* _What is being asked_: The required output is the lines from the one with "Comunicación y Gestión" through the end of the data, repeated verbatim, with no pictures included.

* _Data below_:
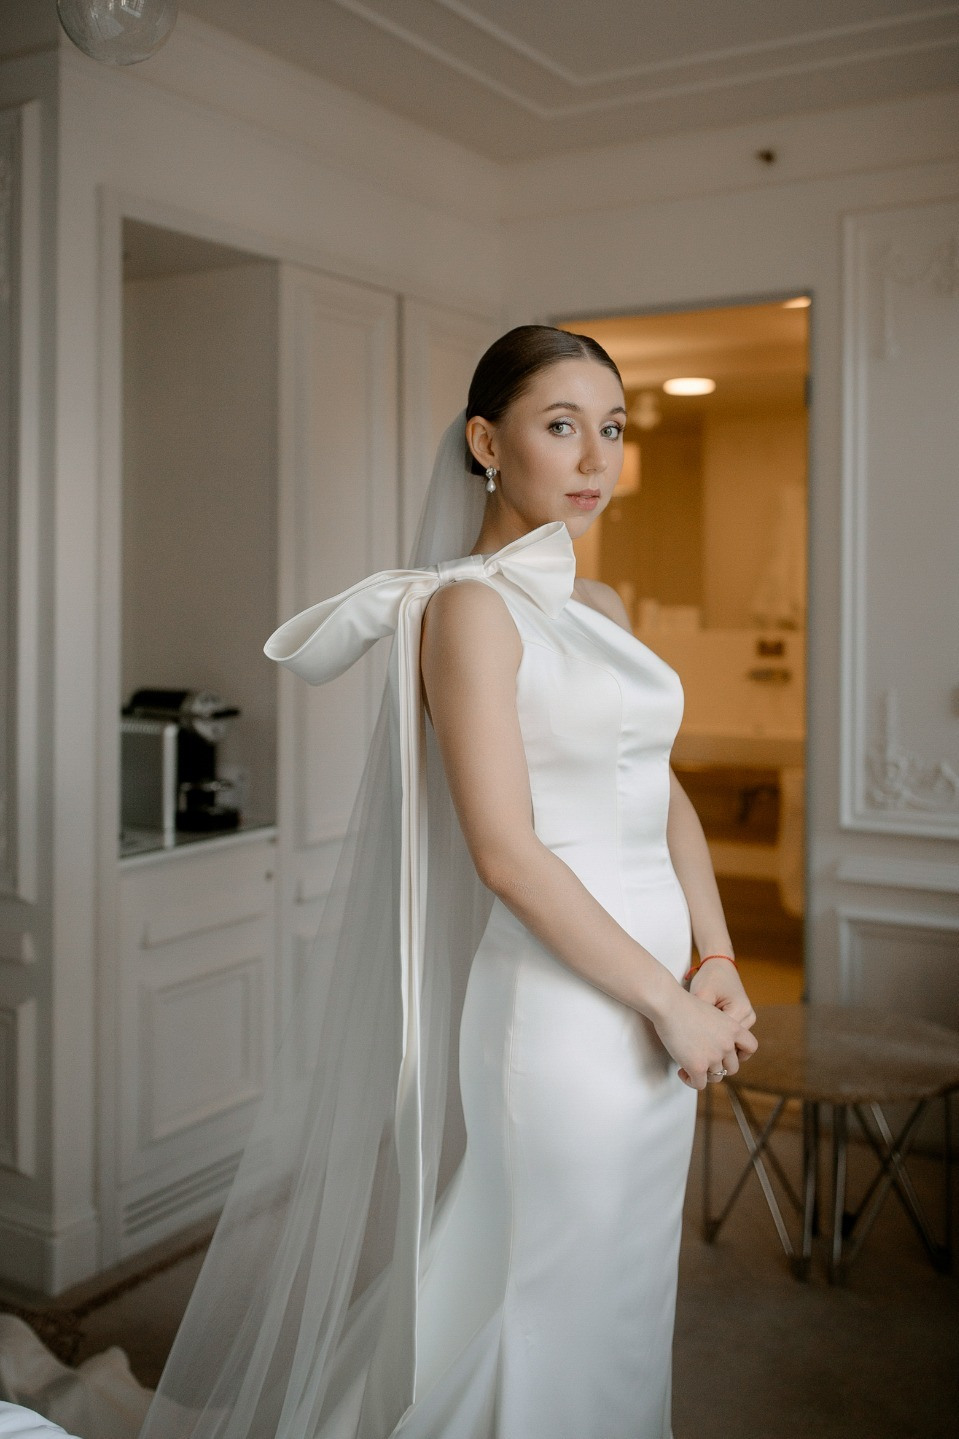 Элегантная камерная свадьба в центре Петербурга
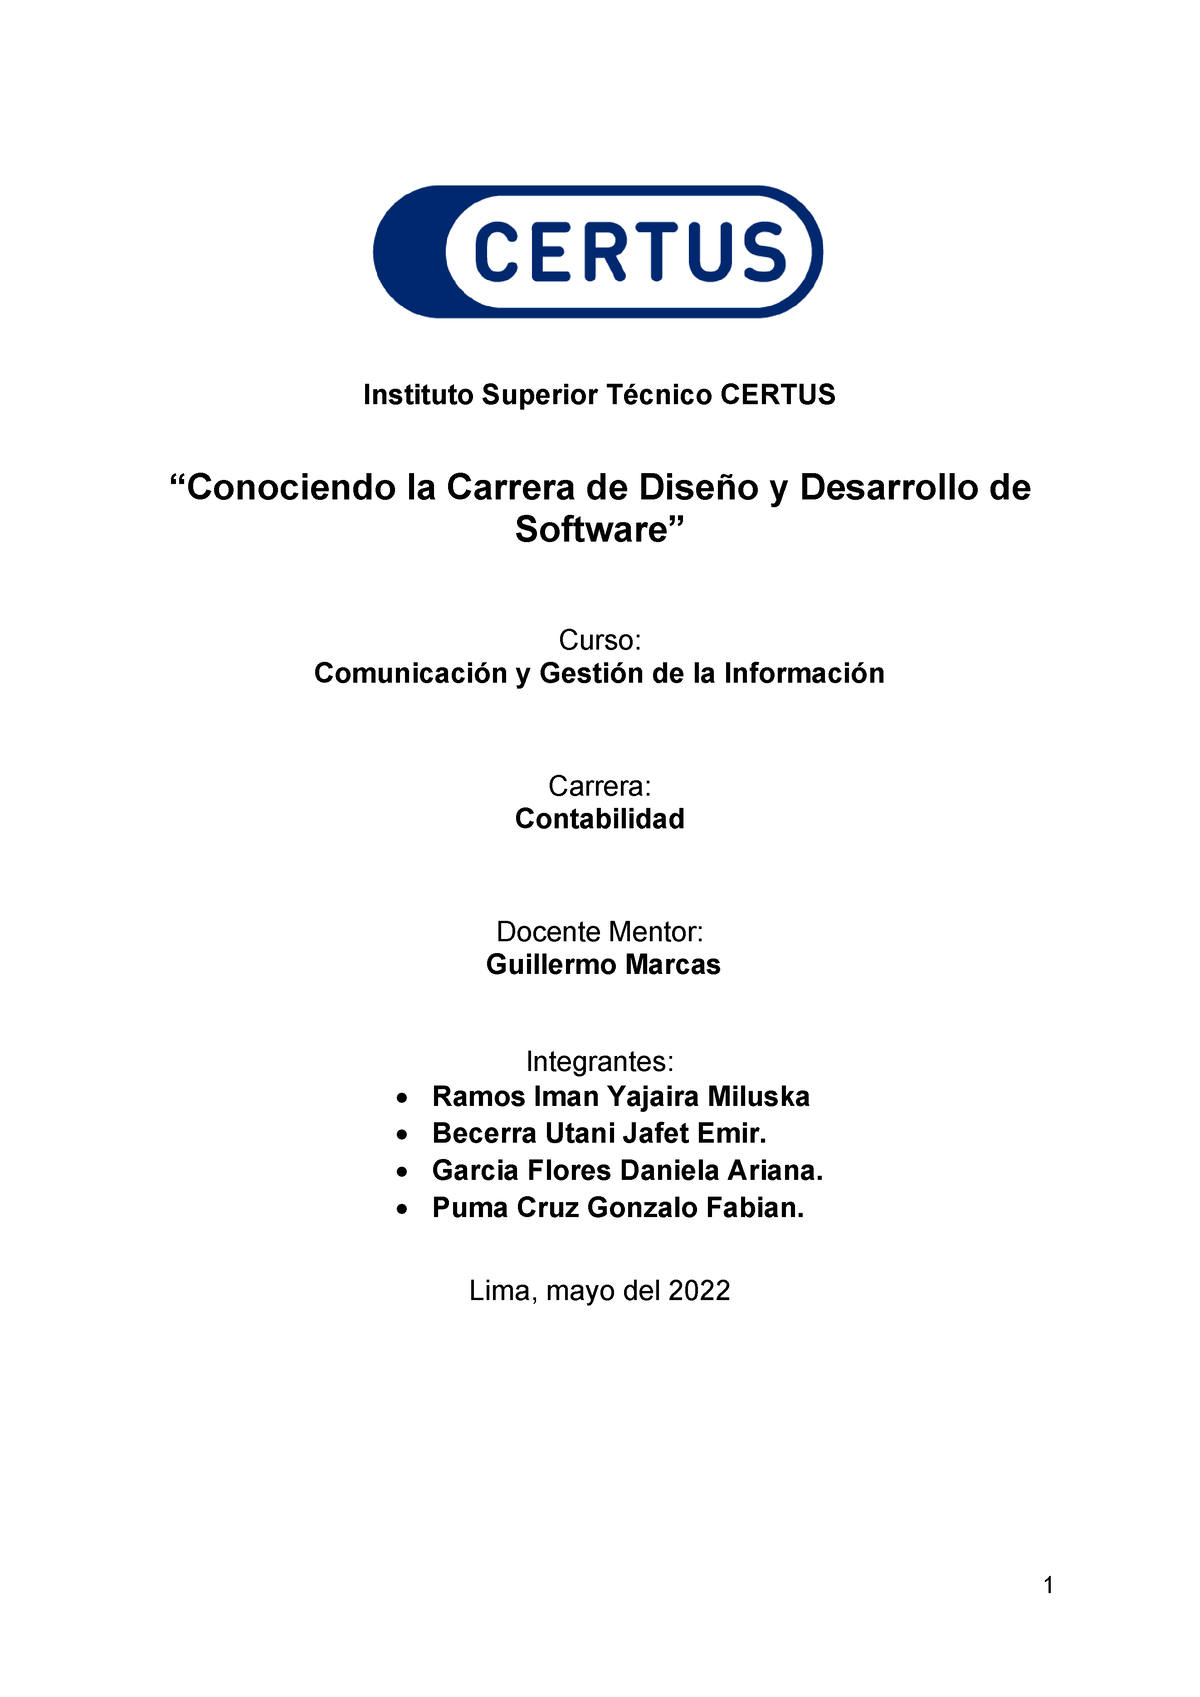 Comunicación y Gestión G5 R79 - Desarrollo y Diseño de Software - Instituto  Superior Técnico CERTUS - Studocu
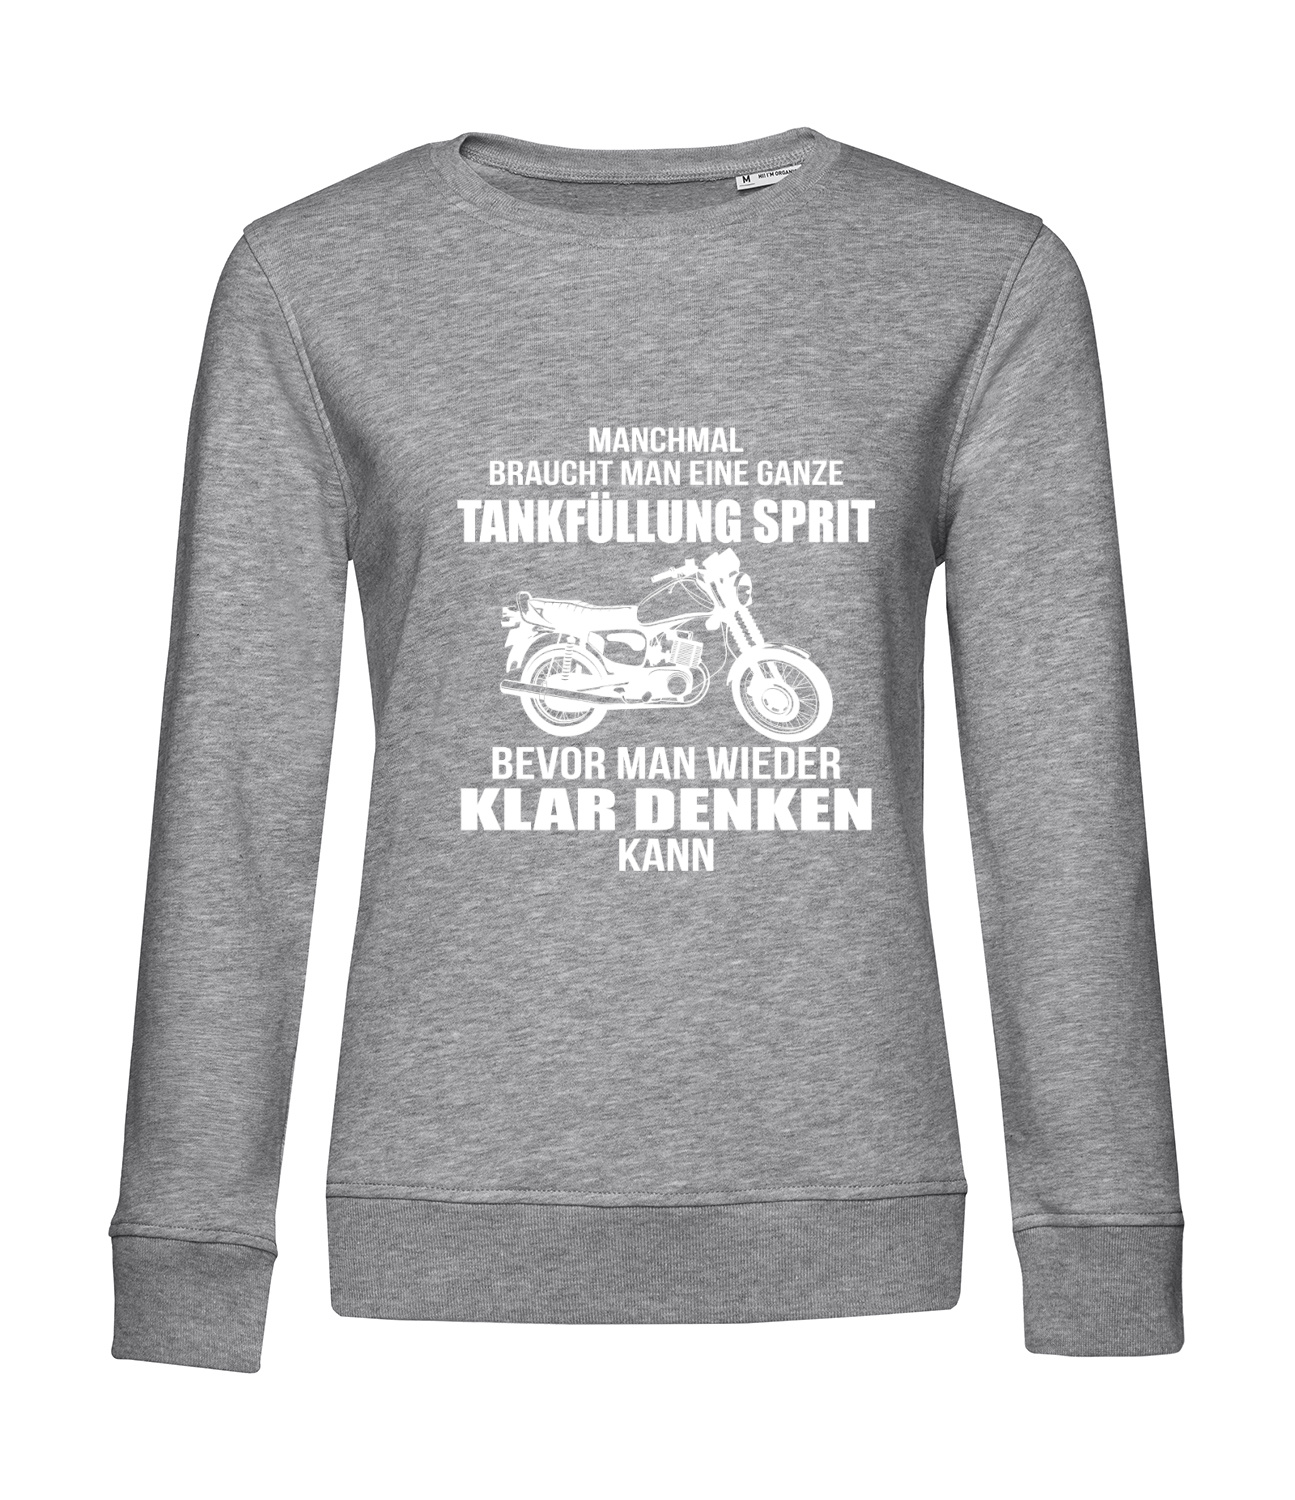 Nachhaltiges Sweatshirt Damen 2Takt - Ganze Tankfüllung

* _Solution below_:
 Comunicación y Gestión G5 R79 - Desarrollo y Diseño de Software - Instituto  Superior Técnico CERTUS - Studocu
 Nachhaltiges Sweatshirt Damen 2Takt - Ganze Tankfüllung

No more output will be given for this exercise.